▶ [PROBLEM TO SOLVE]
Omitting all images, transcribe the listing word for word.

▶ [EXERCISE DATA]
#####

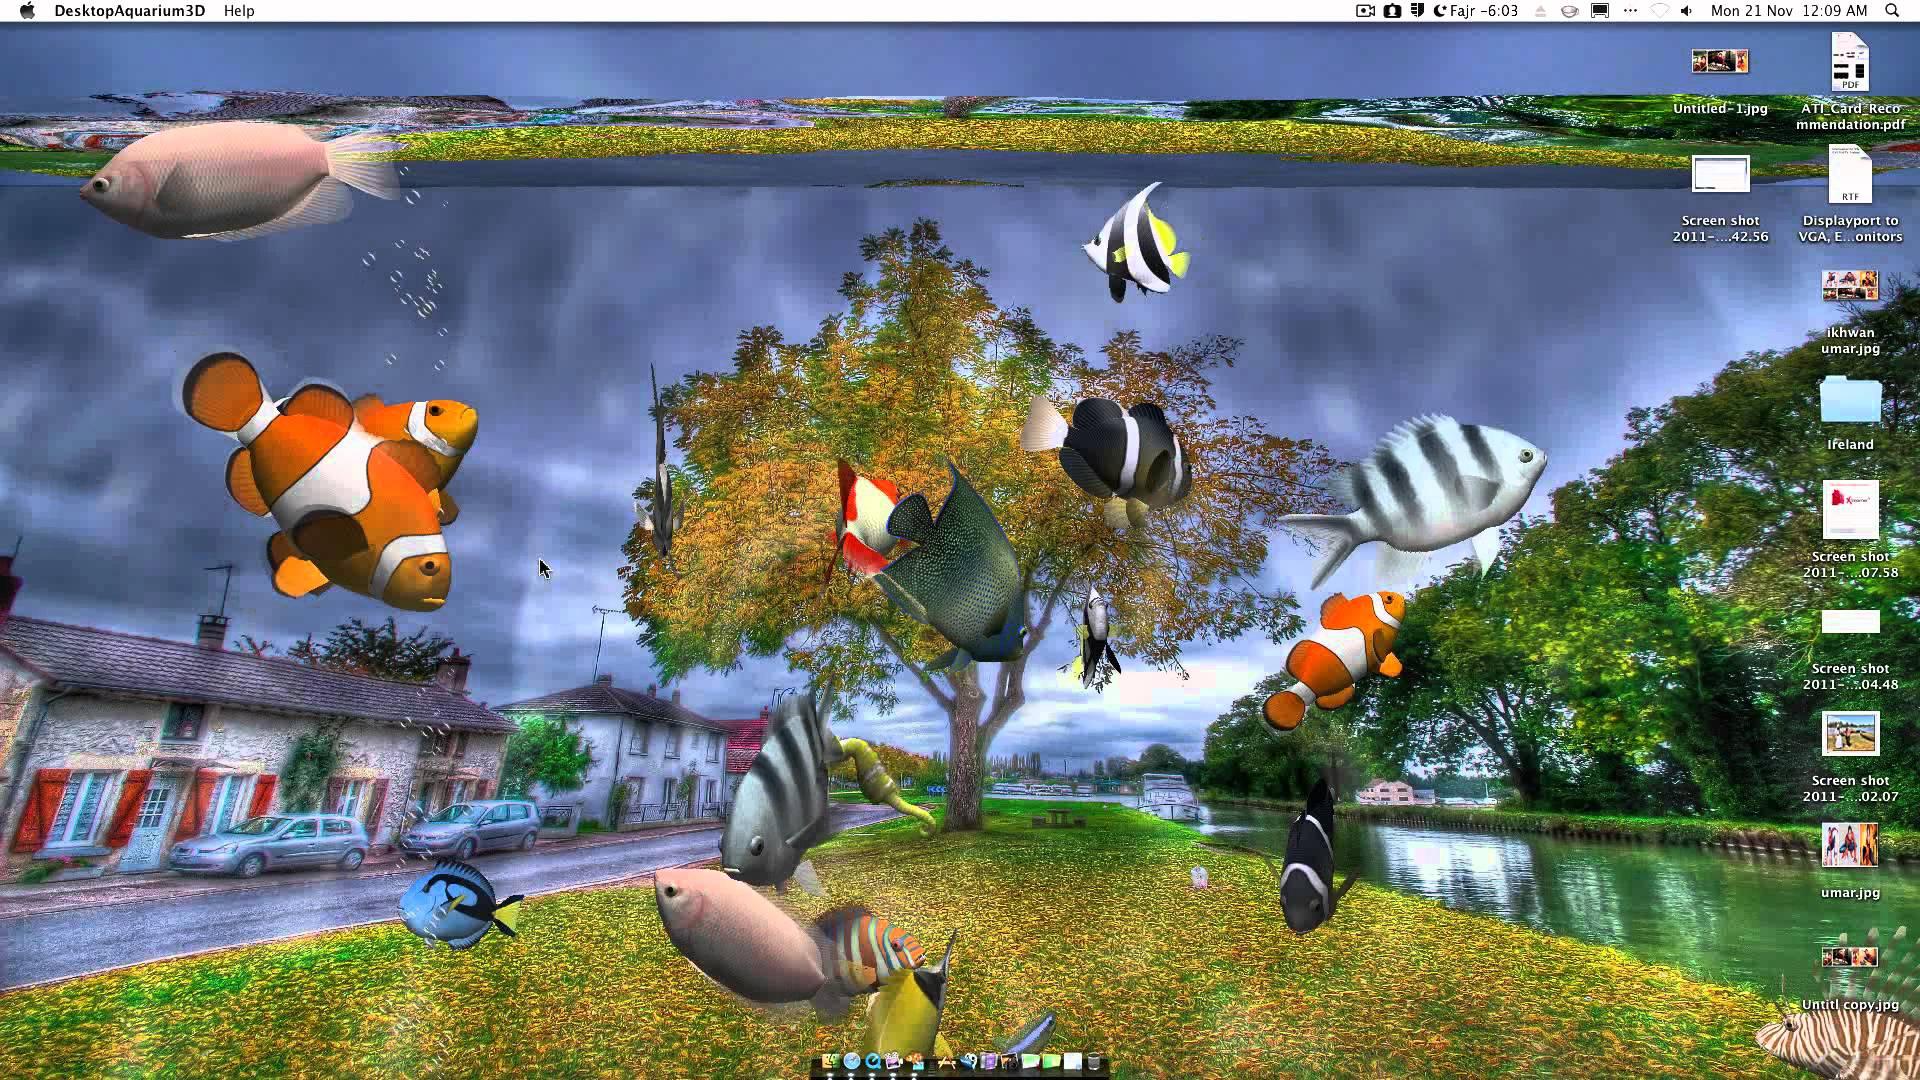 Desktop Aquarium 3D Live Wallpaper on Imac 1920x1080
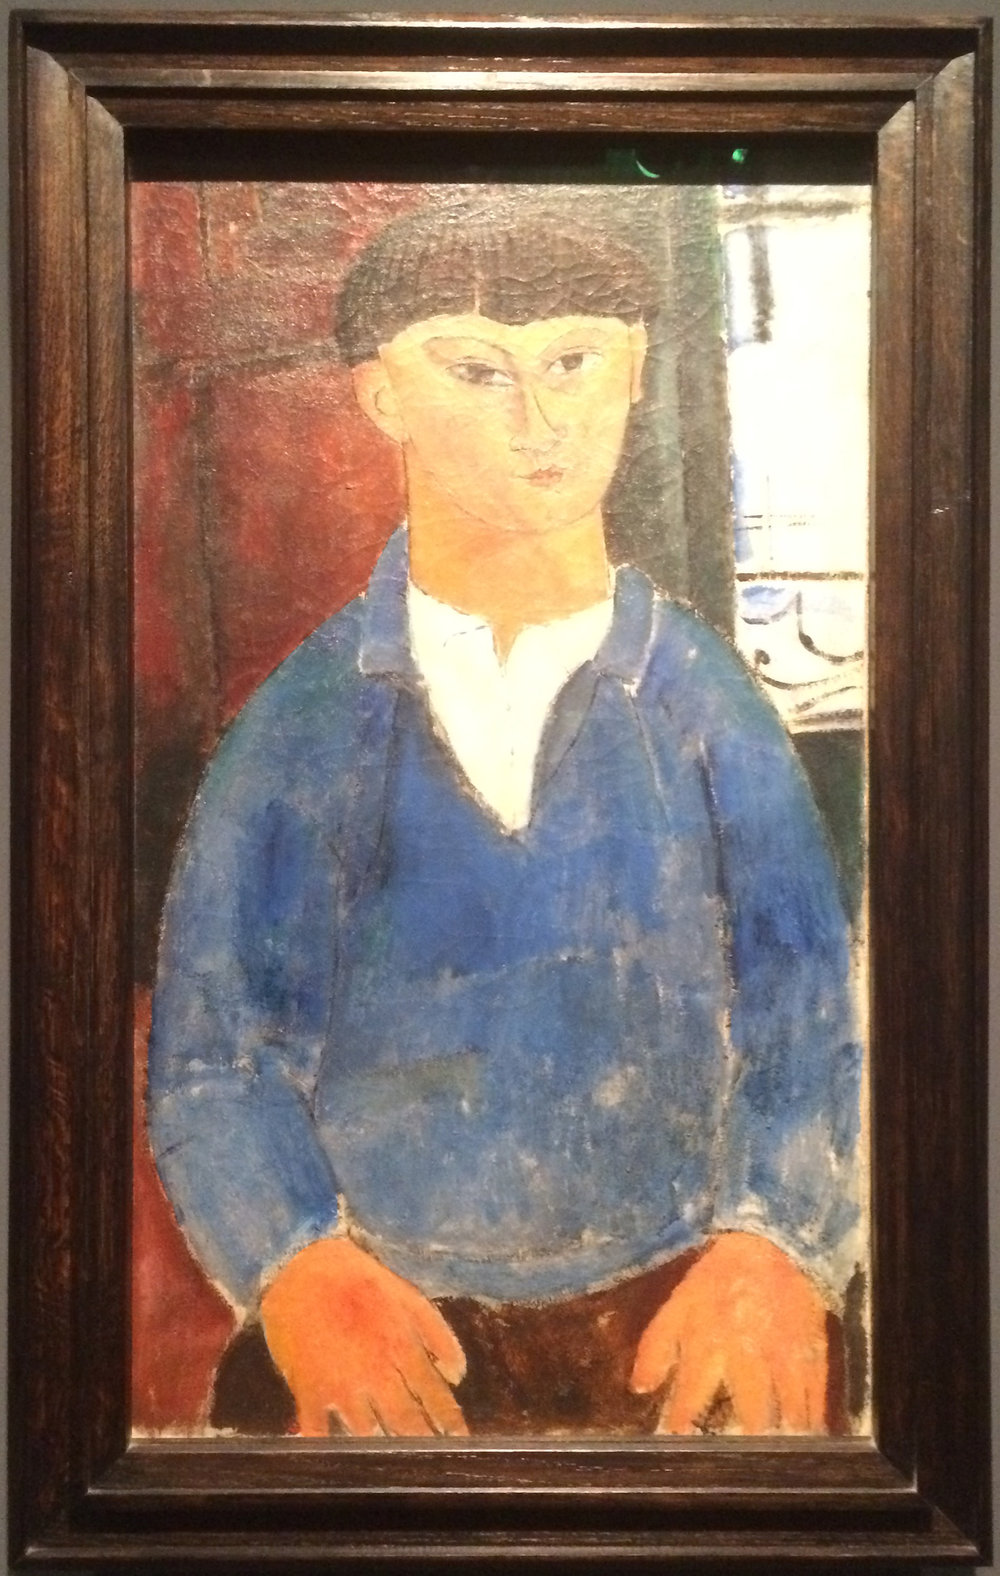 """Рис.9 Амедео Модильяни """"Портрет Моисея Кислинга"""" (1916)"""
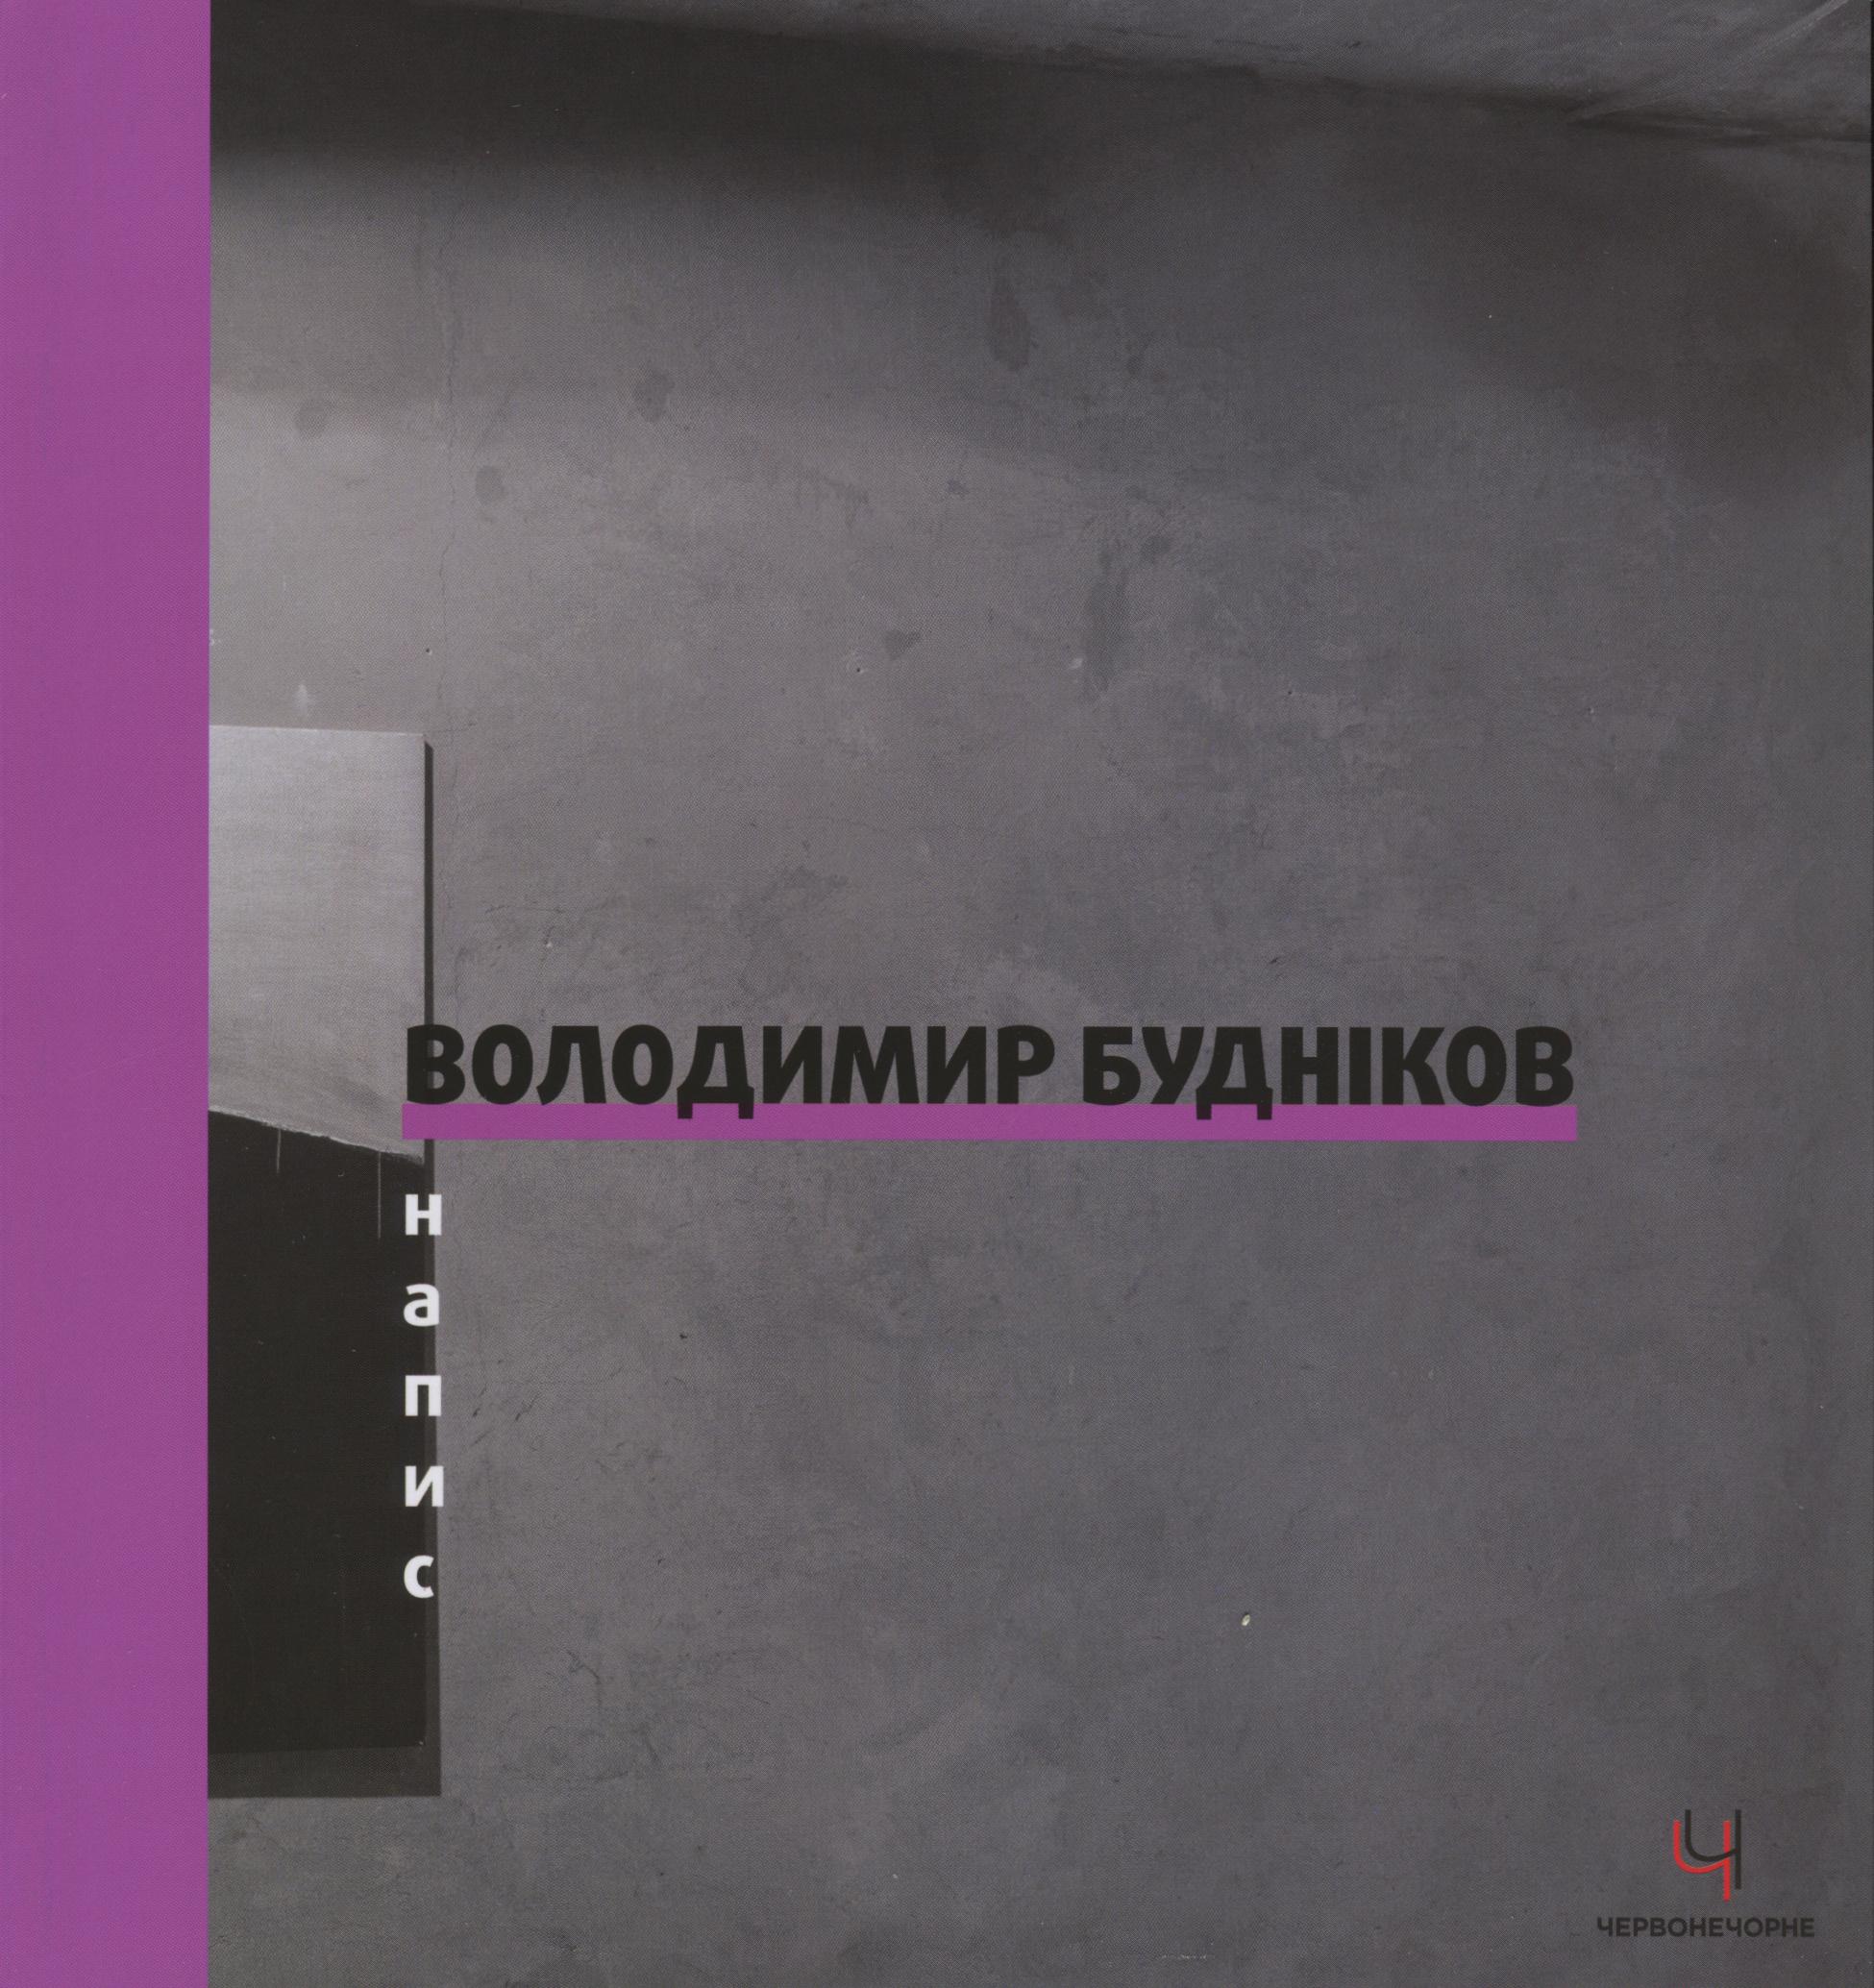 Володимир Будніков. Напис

#####

▶ [RESULT FOR THIS TASK]
 Desktop Aquarium 3D Live Wallpaper on Imac 1920x1080
 """Рис.9 Амедео Модильяни """"Портрет Моисея Кислинга"""" (1916)"""
 Володимир Будніков. Напис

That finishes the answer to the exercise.